On my system, both 0xffff0 and 0xfffffff0 are being redirected to SPI flash. You can disable the 0xffff0 range with BIOS_Legacy_F_EN, but when enabled, it always goes to where the range containing 0xfffffff0 is being redirected, you can't redirect one to SPI and another to LPC/eSPI. A cold legacy boot goes through SEC and PEI before it is extracted from the SPI flash and shadowed into RAM at 0xe0000 and/or 0xf0000 by redirecting writes to the memory controller in the Cbo SAD PAMs for those ranges but not reads, until the shadow is complete. On my system, the legacy bios is shadowed to 0xf0000.

My current guess is:

• Containing 0xea and 0xf000e05b means that it is a legacy soft reset (CPU warm reset) or S3 resume and the legacy BIOS has already been shadowed into RAM, so let the legacy BIOS deal with the S3 resume or CPU warm reset.
• Containing 0xea and not 0xf000e05b.... f000:e05b appears to be the POST entry point. Why it wouldn't contain that I don't 100% know, but of course, either the legacy BIOS or the UEFI bios implementation that shadowed in the legacy BIOS in the first place can change this, and when it's been changed to that it needs to go to SEC.
• Not containing 0xea means either UEFI/legacy warm reset, UEFI soft reset, UEFI S3 resume or UEFI/legacy cold boot/reset, and if it is a soft reset, downgrade to warm reset, otherwise it needs to go to SEC.
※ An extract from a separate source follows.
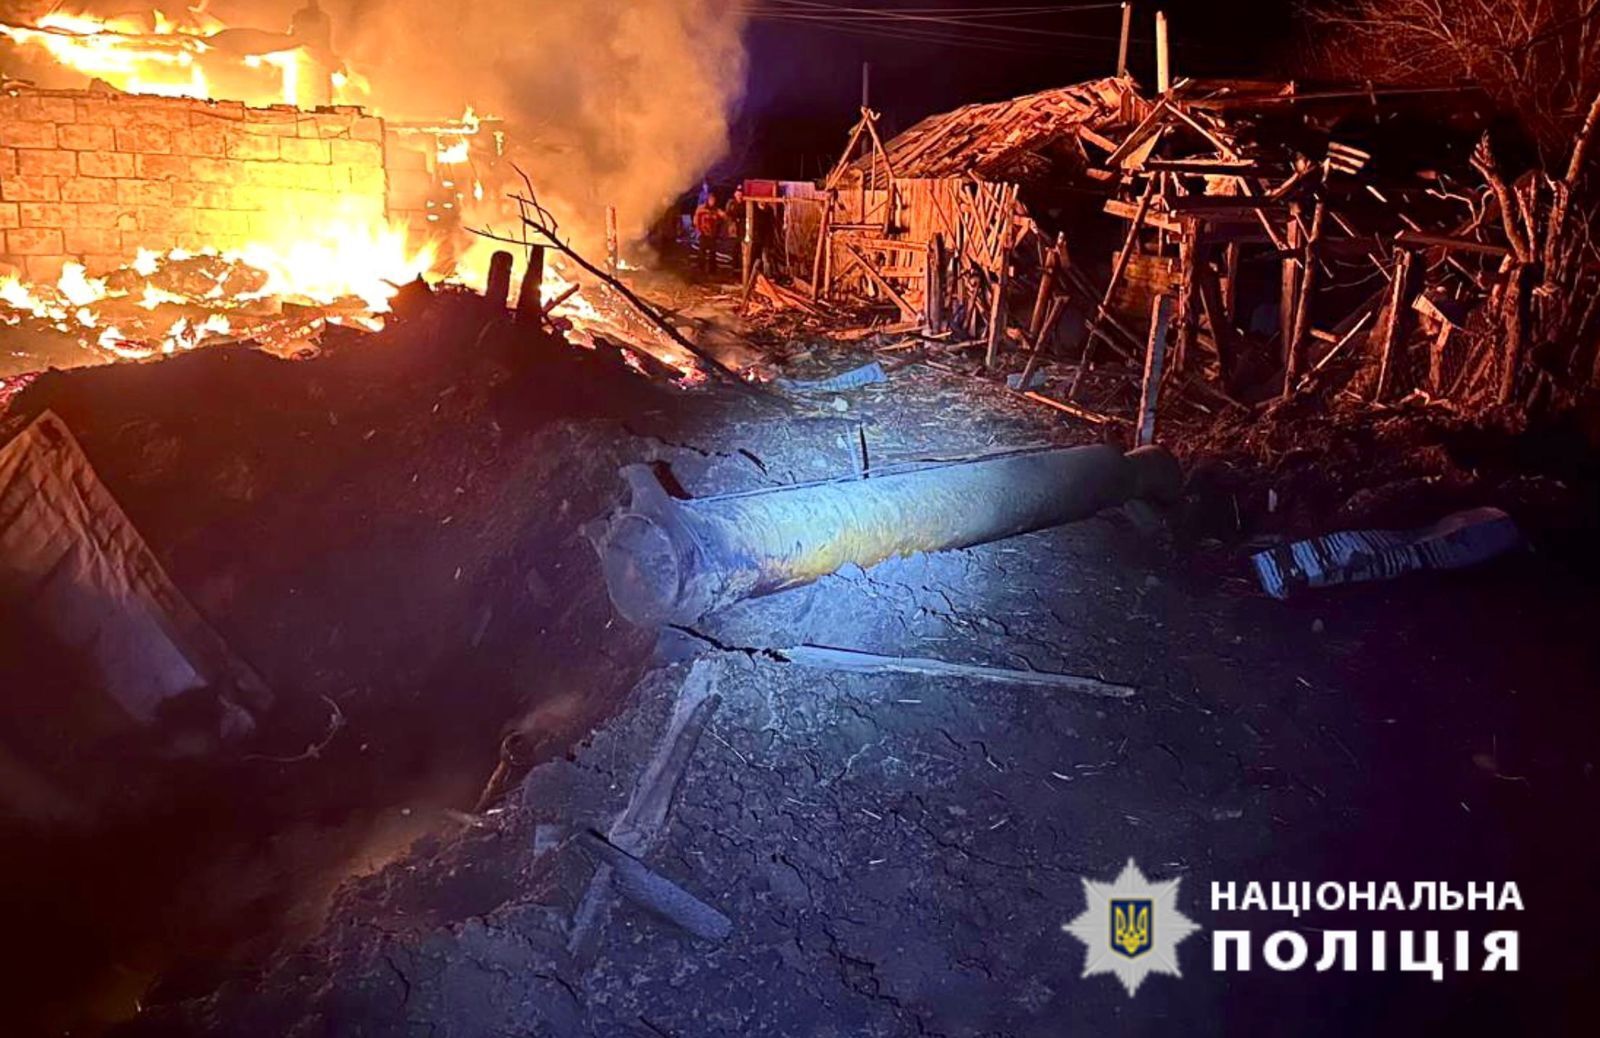 Успели выбежать из горящего дома: на Черниговщине семья чудом выжила во время ракетного удара, но потеряла дом. Фото
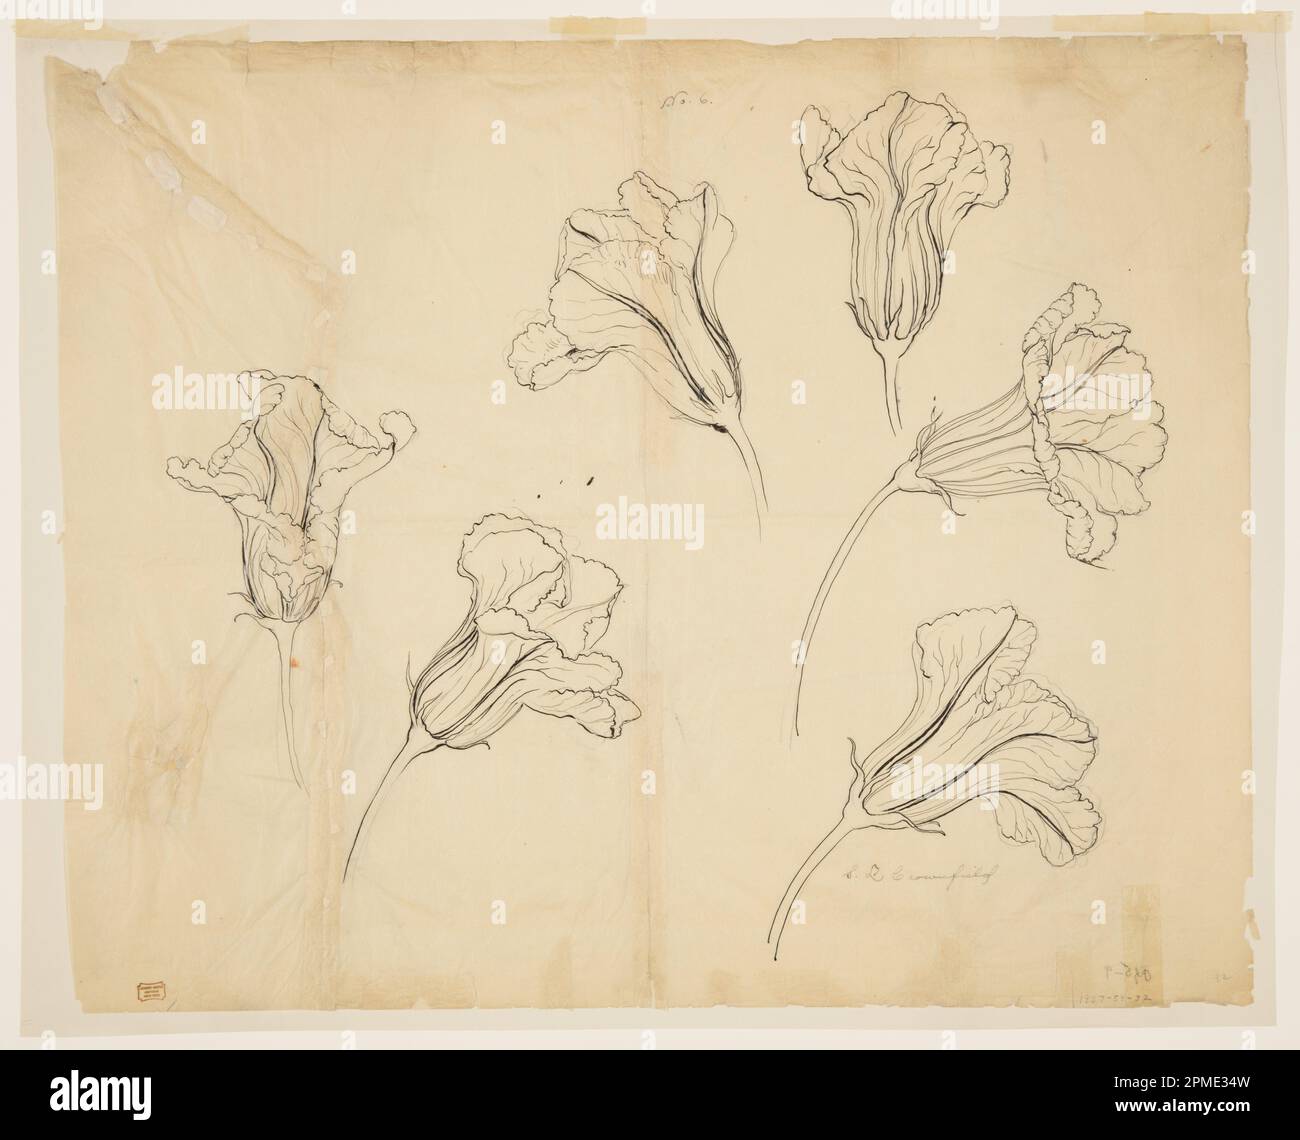 Disegni, studi sui fiori di zucca o squash; Sophia L. Crownfield (americano, 1862–1929); USA; grafite, penna e inchiostro su carta da ricalco posata; 48,3 x 59,2 cm (19 x 23 5/16 pollici) Tappetino: 55,9 x 71,1 cm (22 x 28 pollici) Foto Stock

Also there is no loop at hlt. Hlt enters a HALT C1 state, and responds to an INIT# IPI to put it in a wait-for-SIPI state. Execution will then begin at whatever address the BSP selects for the AP.

On my Windows 7 VirtualBox, which doesn't have a UEFI BIOS at all, both the 0xf0000 and 0xffff0000 map to the virtual LPC flash and therefore both show the BIOS.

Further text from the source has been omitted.